Rouas-Freiss Nathalie, Bruel Sylvie, Menier Catherine, Marcou Céline, Moreau Philippe, Carosella Edgardo D
Service de Recherches en Hémato-Immunologie, CEA-DSV-DRM, Hôpital Saint-Louis, IUH, Paris, France.
Int J Cancer. 2005 Oct 20;117(1):114-22. doi: 10.1002/ijc.21151.

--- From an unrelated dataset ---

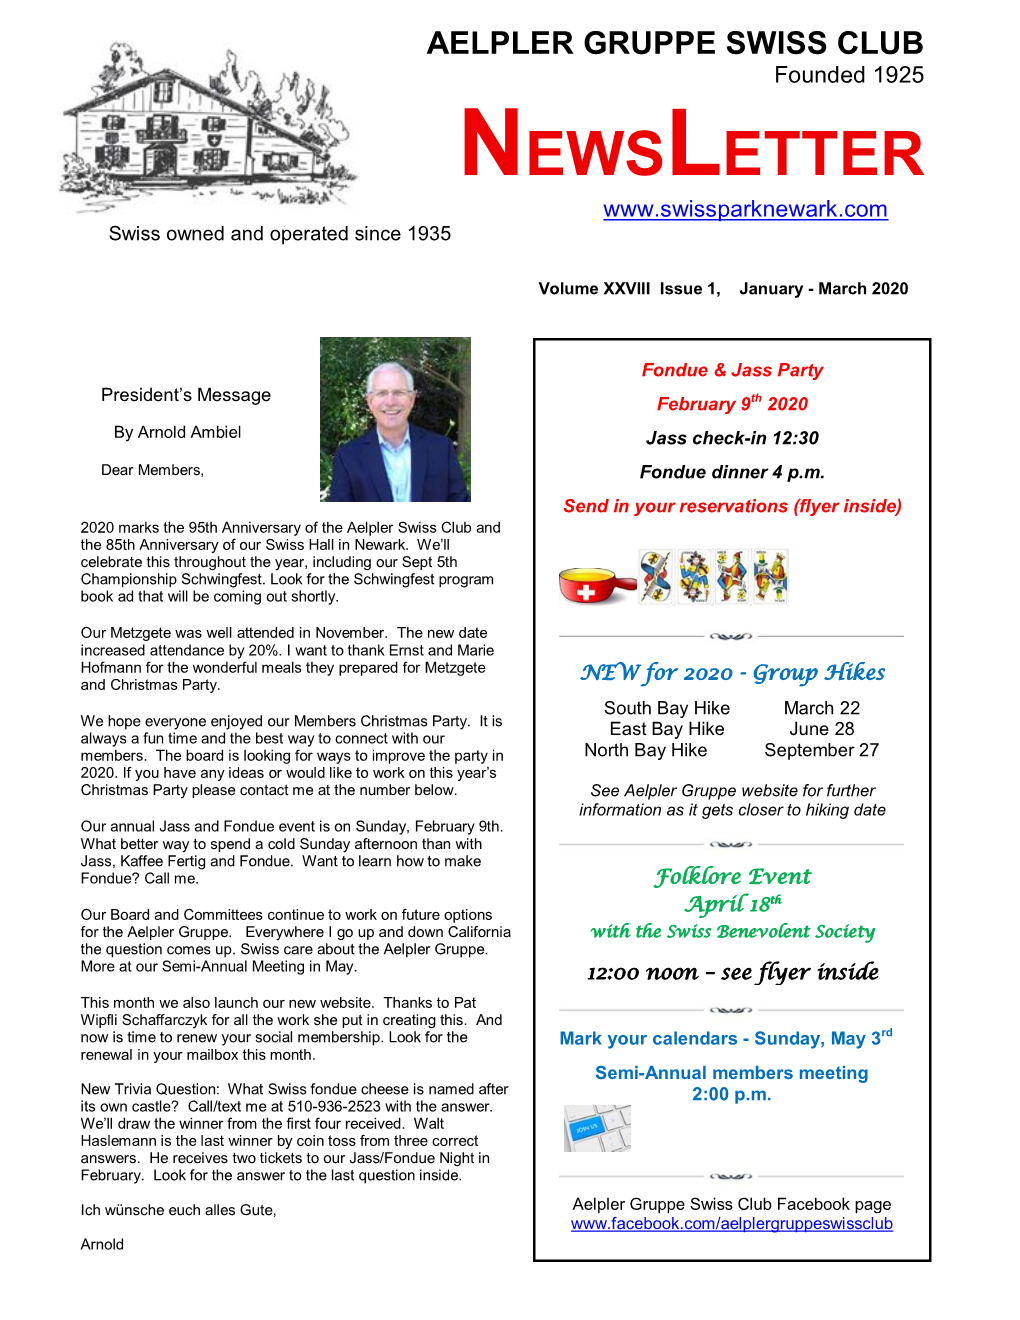 AELPLER GRUPPE SWISS CLUB Founded 1925 NEWSLETTER Swiss Owned and Operated Since 1935

Considerable information has been accumulated on HLA-G expression in tumor lesions in which HLA-G is viewed as a way to turn off anti-tumoral immunity. Nevertheless, there is little data concerning the mechanisms by which expression and function of HLA-G are regulated in malignant cells. Here, we have addressed these points by studying a melanoma cell line derived from a surgically-removed HLA-G-positive melanoma lesion. We show that HLA-G expression in melanoma cells can be regulated at the mRNA splicing level. Indeed, melanoma cells rapidly switched from cell-surface HLA-G1 to intra-cellular HLA-G2 expression. This mechanism restored tumor sensitivity to NK lysis. Moreover, switch from HLA-G1 to HLA-G2 was strong enough to prevent re-expression of immunoprotective HLA-G1 even following treatments with cytokines and DNA demethylating agent. Modulating HLA-G at the mRNA splicing level would be an efficient way of lifting in vivo HLA-G-mediated tumor immune escape.
关于肿瘤病变中HLA - G表达已积累了大量信息,其中HLA - G被视为一种关闭抗肿瘤免疫的方式。然而,关于恶性细胞中HLA - G表达和功能的调控机制的数据却很少。在此,我们通过研究源自手术切除的HLA - G阳性黑色素瘤病变的黑色素瘤细胞系来解决这些问题。我们表明,黑色素瘤细胞中HLA - G的表达可在mRNA剪接水平受到调控。实际上,黑色素瘤细胞迅速从细胞表面HLA - G1表达转变为细胞内HLA - G2表达。这种机制恢复了肿瘤对NK细胞裂解的敏感性。此外,从HLA - G1到HLA - G2的转变足够强烈,即使在用细胞因子和DNA去甲基化剂处理后,也能阻止免疫保护性HLA - G1的重新表达。在mRNA剪接水平调节HLA - G将是一种有效解除体内HLA - G介导的肿瘤免疫逃逸的方法。